The strongest lineup

5780: The strongest lineup

Time Limit: 1 Sec   Memory Limit: 128 MB
Commits: 206   Resolved: 54
[ Commit ][ Status ][ Discussion Board ][Assert By: admin ]

Topic description

With the newly exchanged hero card, Xiao Li happily prepared to have a PK with his classmates.
The rules of their game are very simple.
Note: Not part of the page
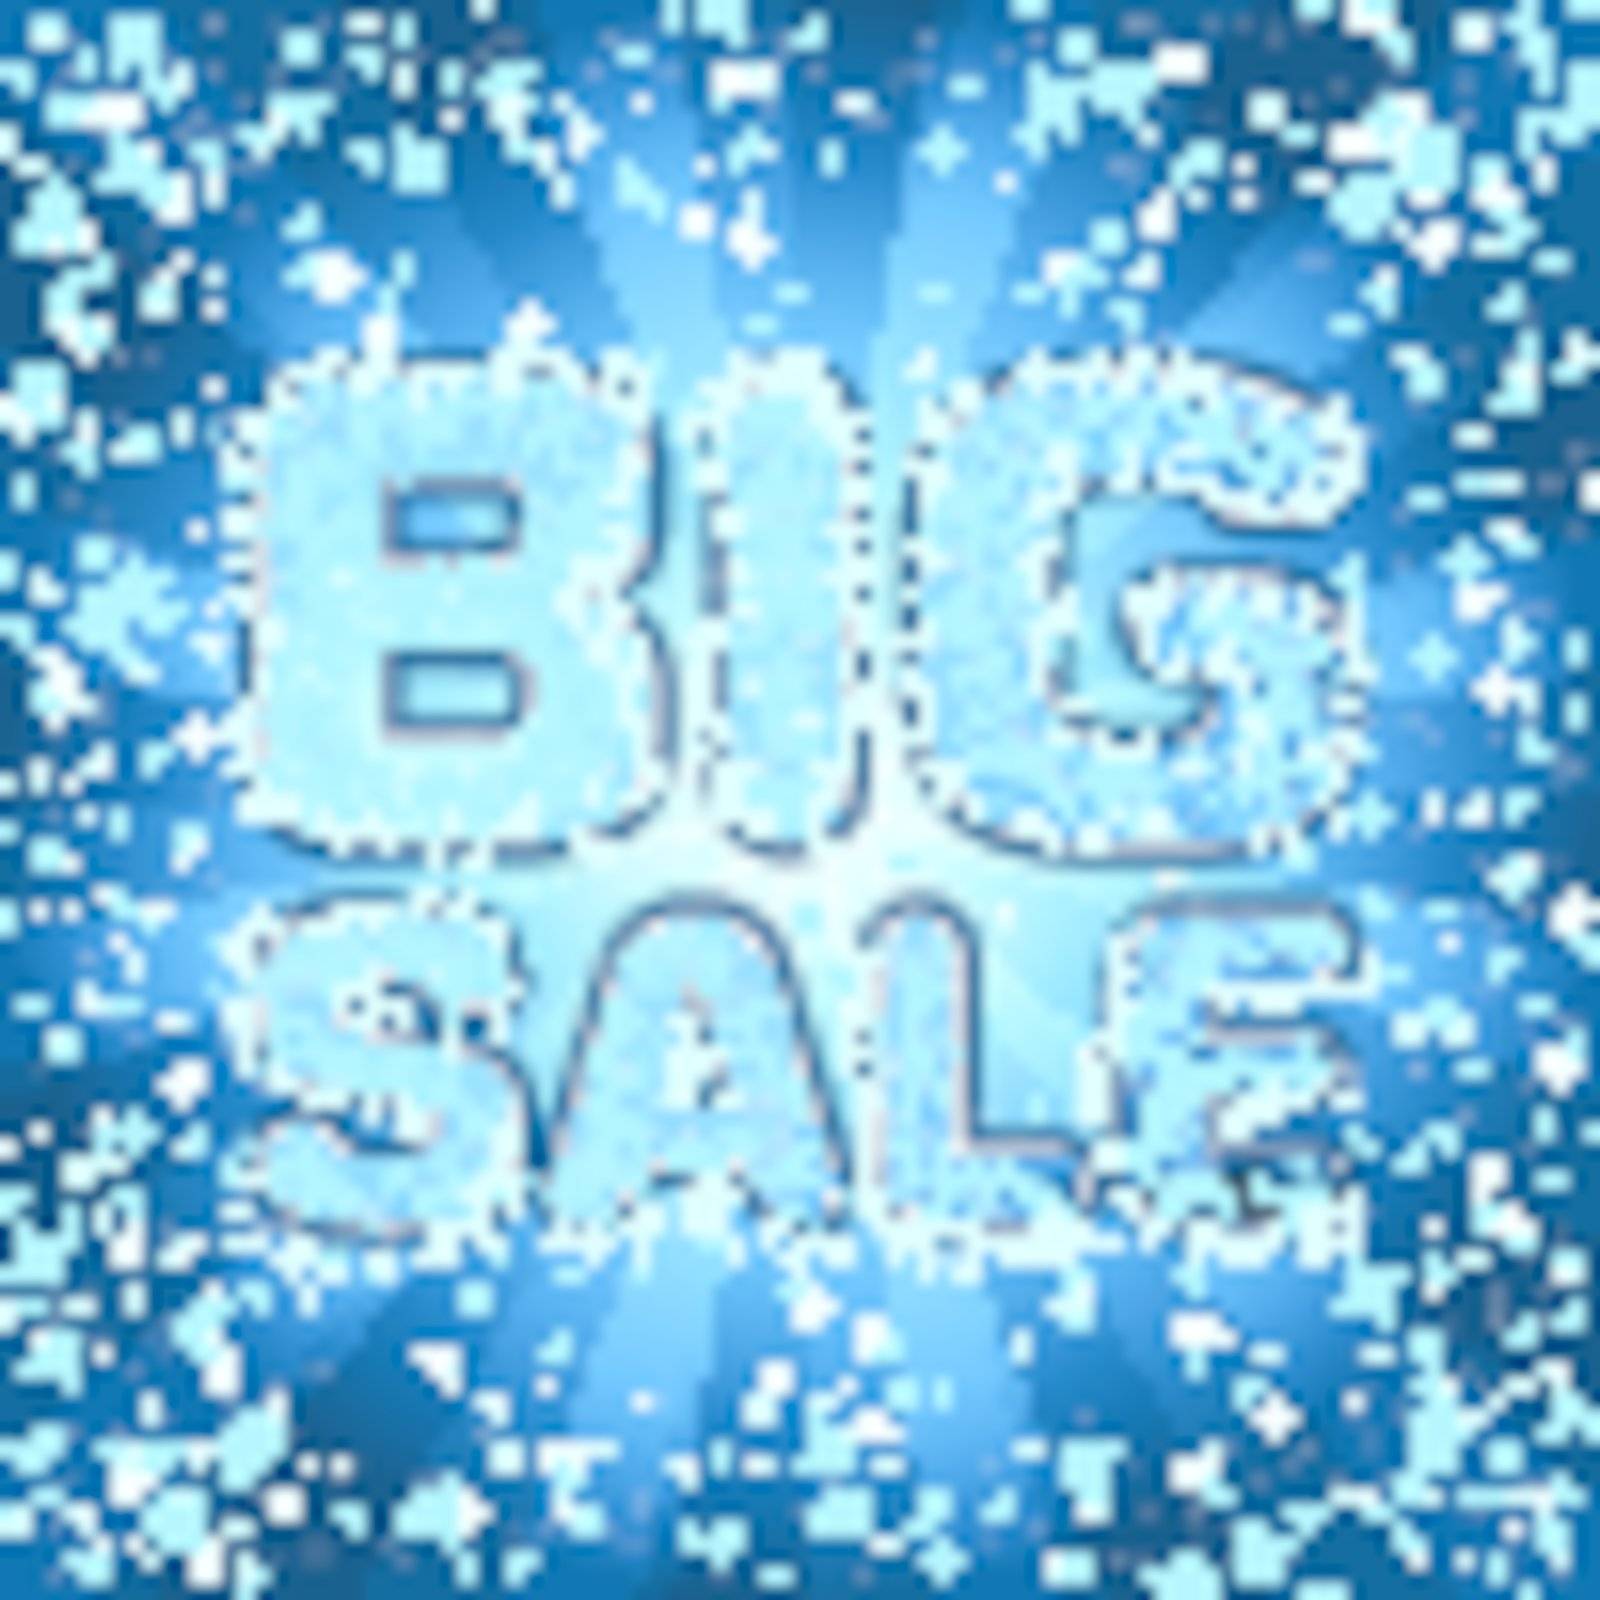 Big sale message. EPS 8 vector file included

Both sides circle their cards in a circle, and then specify a starting point, and take the card clockwise from the card. The first character that is different is compared, and the comparison rule is a<b<…<z) who will win. For specific rules, please refer to the example. Although Xiao Li's cards are very good now, can you help him quickly calculate the starting position so that he can send the strongest lineup.

 

enter

The first line is n (1<=n<=30000), which means there are n cards in total.
The second line consists of n lowercase letters separated by a space, indicating the starting sequence of a given circle of cards.

 

output

Only an integer, can get the starting position of the smallest lexicographical string. If there are multiple positions starting with the same string, the smallest position is output, and the first position starts from 1.

sample input

4
b c a b

Sample output

3

hint

The strings taken out from the four positions are bcab, cabb, abbc, and bbca. Obviously, the minimum position is 3.

 

******************************************************************************************************************************************************************************************************

Code:

#include <iostream>
#include <cstdio>
#include <cstring>

using namespace std;

intmain ()
{
    int n;
    char str[30005];
    scanf("%d",&n);
    //getchar();
    char x[50];
    for(int i=0;i<n;i++)   //读取
    {
        scanf("%s",x);
        str[i] = x[0];
        //str[i] = getchar();
        //getchar();
    }
    str [n] = ' \ 0 ' ;

    int ans = 0 ;    // record the smallest answer 
    for ( int i= 1 ;i<n;i++ )
    {
        if(str[i]<str[ans])
            ans = i;
         else  if (str[i]==str[ans]) // == 
        {
             for ( int j=ans+ 1 ,k = i+ 1 ,p= 0 ;p<n;p++,j++,k++) // j is the smallest next bit k is the next bit currently traversed 
            {
                 if (str[j%n]<str[k%n]) // the original smallest string is small 
                {
                     break ;
                }
                else  if (str[j%n]>str[k%n]) // The current bit string is small 
                {
                    ans = i;
                    break;
                }
            }
        }
    }
    printf("%d",ans+1);
}

//wa many times I started to use n*n violent solution and found that it would time out and then changed to the above method, but I don't know why I read it with getchar(), and I changed it to scanf("%s") before A.